BookDragon Books for the Diverse Reader

The Known World by Edward P. Jones

Known WorldWell, I’ve done it now. I’ve finished every Edward P. Jones book ever written … and I see no signs that more are forthcoming anytime soon. Anyone out there who knows otherwise, please do share!

Not to play favorites, but among Jones’ three indelible titles, his single (thus far) novel gets the preferred spot. I’m definitely in collusion with others as it won the 2003 National Book Critics Circle Award, the 2004 Pulitzer Prize for Fiction, and the 2005 International IMPAC Dublin Literary Award (which, with its €100,000 prize, is one of the most generous in the world). With such lauded original text, the audible version – most expertly read by Kevin Free and oh so highly recommended – naturally won a 2004 Earphones Award, too.

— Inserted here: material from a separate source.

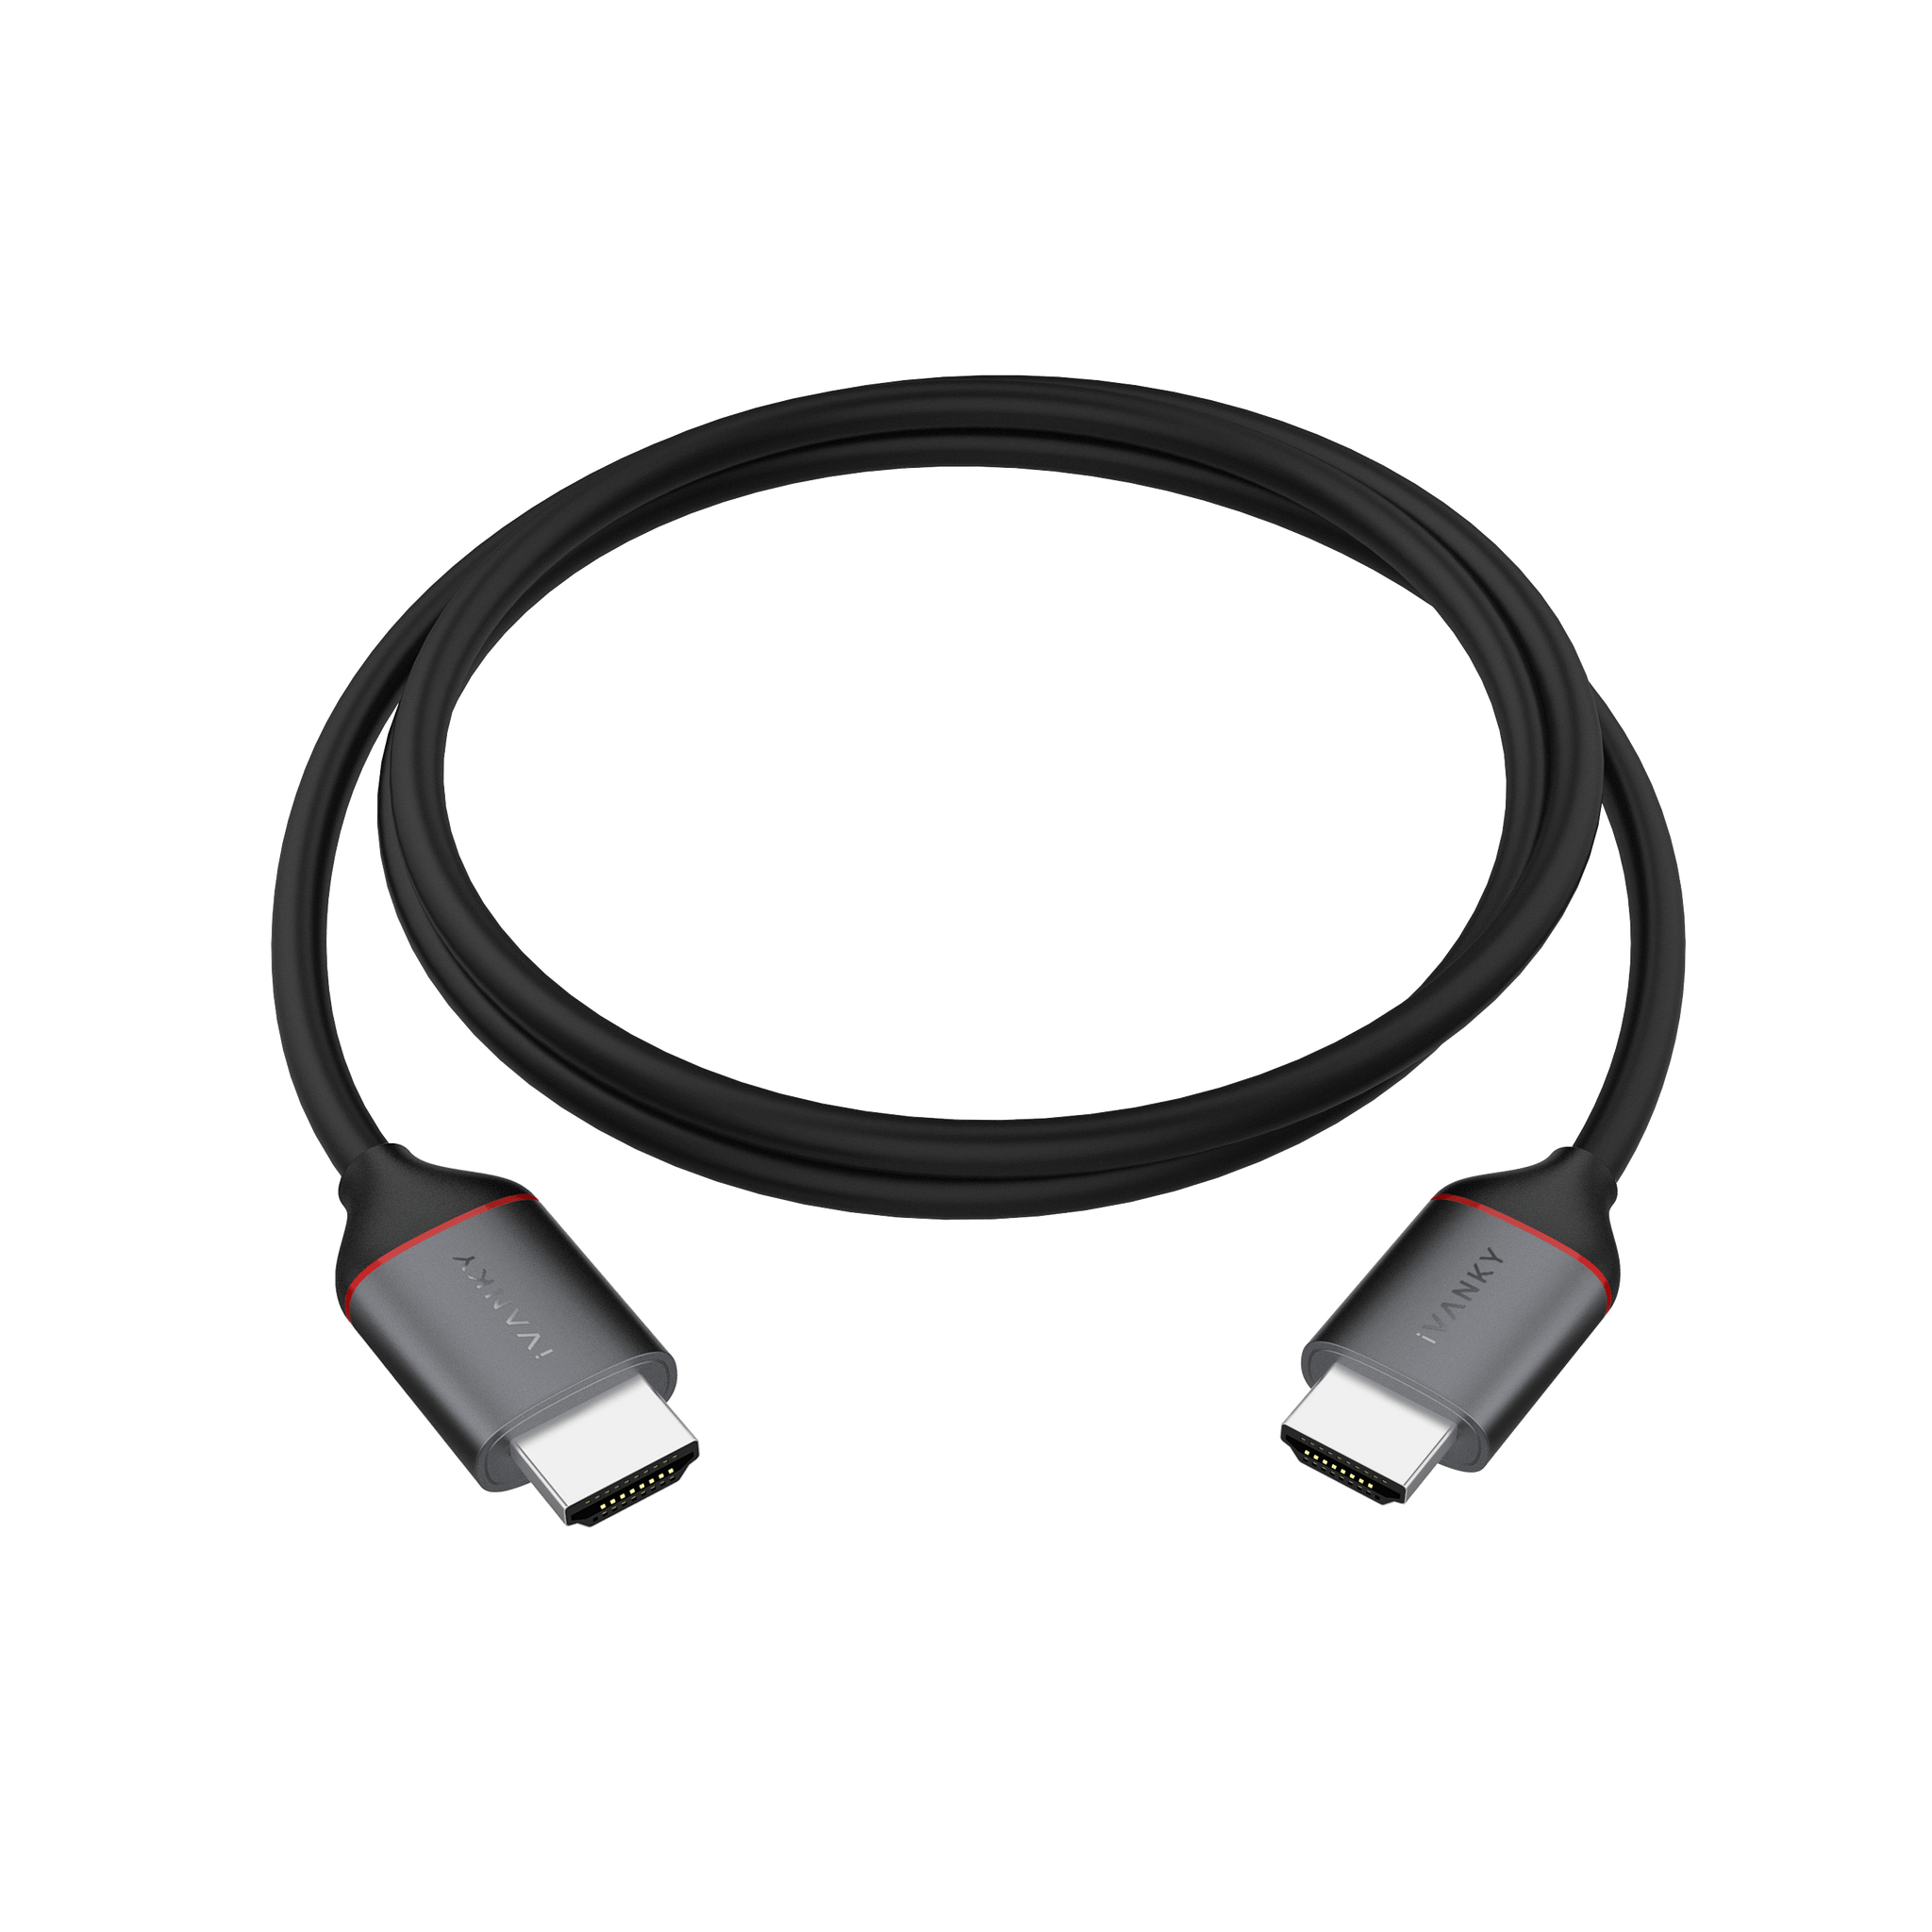 MICRO HDMI CABLE + USB-C ADAPTER - KDC USA

World begins and ends with death, one peaceful, the others horrifically violent. In between the almost-400 pages (or 14+ hours stuck in the ears), the (very) nonlinear narrative falters once during Counsel Skiffington’s hallucinogenic wandering after he burns down his plantation. The rest is, indeed, history … of a not-so-well-known phenomenon of slave-owning African Americans in the South. Within the World‘s first five words, the “master” is dead: in July 1855, Henry Townsend, 31, leaves behind a wife … and a plantation of more than 50 acres which he owned, together with 33 human beings that were also his property. Henry himself was a former slave, whose freedom was bought by his parents when he was still a child, and yet whose allegiance and loyalty to his former owner, William Robbins, never wavers. Robbins, no less a complex character, is a white farmer who owns the largest plantation in fictional Manchester County, Virginia, who lives a double life – one with his white wife and daughter, the other with his slave mistress, and their two young children.

Jones’ storytelling jumps decades backwards and forwards, from before Henry’s birth, well into the next century with references to future historians working in the 1950s and even 1970s. Jones moves sometimes unpredictably between characters and experiences, between generations and social classes. He is not always patient, and doesn’t wait for the reader to make immediate connections, and yet he is partial to certain repetitions, including the reappearance of Tessie’s doll made by her father Elias which she will hold onto through her final hour at age 99, and the reunion of Minerva and her sister after 20 separated years marked by her sister’s reaction that begins “‘You done growed.'”

In spite of the movement in time, place, and people, the pieces merge together to create a Known World that haunts, shocks, and long-after resonates with the fates of a disparate community. Henry’s death sets in motion inevitable changes and unexpected events in the lives of his parents, his wife, his in-laws, his friends, his former master, and especially his slaves, as the intricate mosaic that once defined Henry’s existence shifts, transforms, and disappears.